Chemicy z USA stworzyli i wyeksponowali w bakteriach białka wiążące się z kompleksami żelazowo-porfirynowymi i wykorzystali je do katalitycznej cyklopropanacji wiązań podwójnych i wprowadzenia wiązań dwuazowych krzem-węgiel. W obu przypadkach, jak piszą chemicy w czasopiśmie Science, modelowane de novo katalizatory były skuteczne bez stosowania ukierunkowanej ewolucji.
Reakcje cyklopropanacji i wprowadzenia do wiązania pierwiastek-wodór można przeprowadzić za pomocą katalizatorów metaloorganicznych. Zwykle w takim katalizatorze metal związany jest z chiralnym ligandem, w wyniku czego produkt reakcji tworzy się w postaci jednego izomeru optycznego. Przy takim podejściu wybór odpowiedniego ligandu może okazać się trudny, a chemicy muszą wypróbować wiele różnych katalizatorów w poszukiwaniu najskuteczniejszego.
Innym podejściem do katalizy asymetrycznej jest wiązanie katalizatorów metaloorganicznych z białkami. W tym przypadku za selektywność odpowiada nie chiralne ligandy, ale struktura białka. Jeżeli struktura centrum aktywnego zostanie wybrana prawidłowo, reszty aminokwasowe będą „kierować” reakcją w centrum aktywnym w taki sposób, że uzyskany zostanie tylko jeden izomer optyczny produktu. Jednocześnie, jeśli taki katalizator białkowy nie działa wystarczająco skutecznie, jego strukturę można zoptymalizować za pomocą ukierunkowanej ewolucji. O tym, jak to działa, rozmawialiśmy w tekście „Zabawa w Boga”.
Drugie podejście zostało niedawno zastosowane przez chemików pod kierownictwem Williama F. DeGrado z Uniwersytetu Kalifornijskiego w San Francisco. Ich pomysł polegał na modelowaniu katalizatorów białkowych dla reakcji cyklopropanacji alkenów i wprowadzania ich do wiązania krzem-wodór.
Najpierw chemicy wzięli znane już białko o aktywności katalitycznej z kofaktorem difenyloporfiryną (tworzy kompleks z jonem żelaza) i przetestowali je w reakcji cyklopropanacji styrenu z diazooctanem etylu. Produkt otrzymano z wydajnością i nadmiarem enancjomerycznym wynoszącym 40 procent. Następnie naukowcy założyli, że struktura białka nie pozwala odczynnikom na łatwe przenikanie do centrum aktywnego, dlatego wydajność jest niska.
Aby stworzyć skuteczniejszy model katalizatorów bazujących na tym białku, naukowcy zastosowali kilka algorytmów uczenia maszynowego, w tym jeden opracowany wcześniej w ich laboratorium. W efekcie otrzymano zestaw kilkudziesięciu struktur białkowych, spośród których wybrano dziesięć o najbardziej zdefiniowanej strukturze centrum aktywnego i poddano je ekspresji w bakteriach. Większość uzyskanych białek okazała się skutecznymi katalizatorami reakcji cyklopropanacji styrenu. Najlepszym uzyskanym wynikiem jest ilościowa wydajność produktu i nadmiar enancjomeryczny wynoszący około 99 procent.

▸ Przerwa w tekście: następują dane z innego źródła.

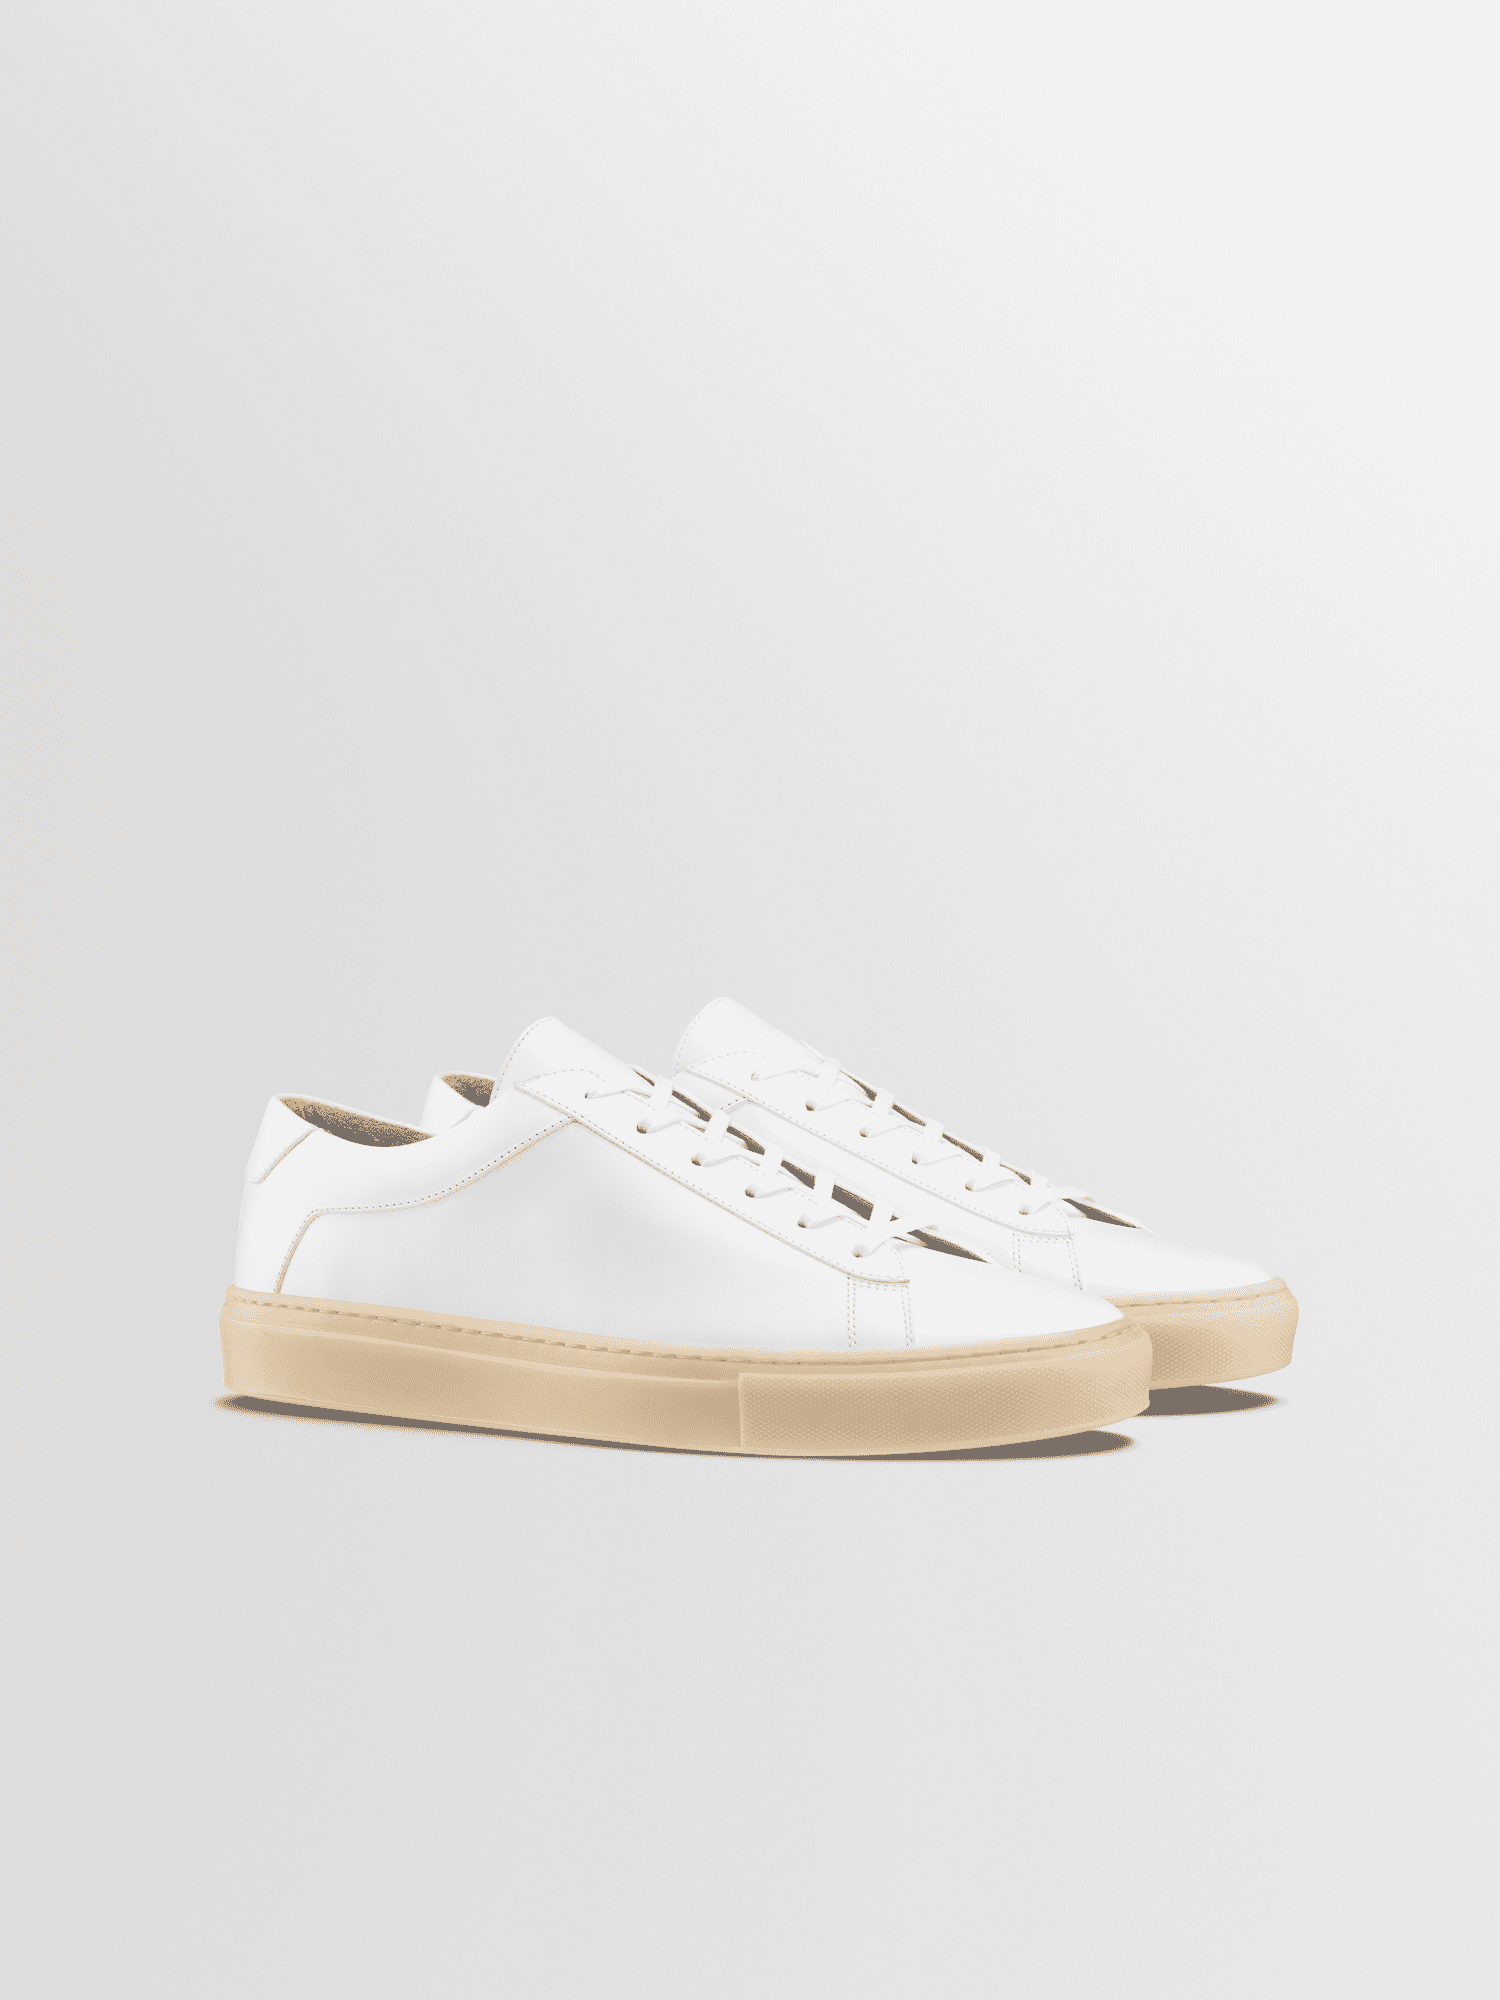 Koio Capri Sneakers https://www.koio.co/products/capri-white-light-gum-mens?variant=41961389981865

Ponadto chemicy w ten sam sposób modelowali struktury białek do katalizy reakcji wprowadzania wiązania diazowego krzemu i wodoru. Tym razem jednak zamiast kofaktora difenyloporfiryny wybrali protoporfirynę IX, która jest prekursorem hemu w komórkach. Wybrane białka zostały ponownie wyrażone przez chemików w bakteriach i okazały się skutecznymi katalizatorami. Ponadto naukowcom udało się dodatkowo zwiększyć enancjoselektywność wprowadzania dzięki ukierunkowanej ewolucji uzyskanych katalizatorów w żywych komórkach. Udało się to dzięki temu, że naukowcy wybrali komórkowy metabolit protoporfirynę IX jako kofaktor.
W ten sposób chemikom udało się uzyskać zestaw katalizatorów białkowych dla dwóch reakcji. Jednak pomimo wysokiej wydajności otrzymanych katalizatorów, niewielkie zmiany w strukturze materiałów wyjściowych często prowadziły do spadku wydajności i enancjoselektywności.
Wcześniej omawialiśmy, w jaki sposób chemicy wykorzystali lipazę drożdżową w połączeniu z katalizatorem rutenowym do enancjoselektywnej syntezy makrocykli.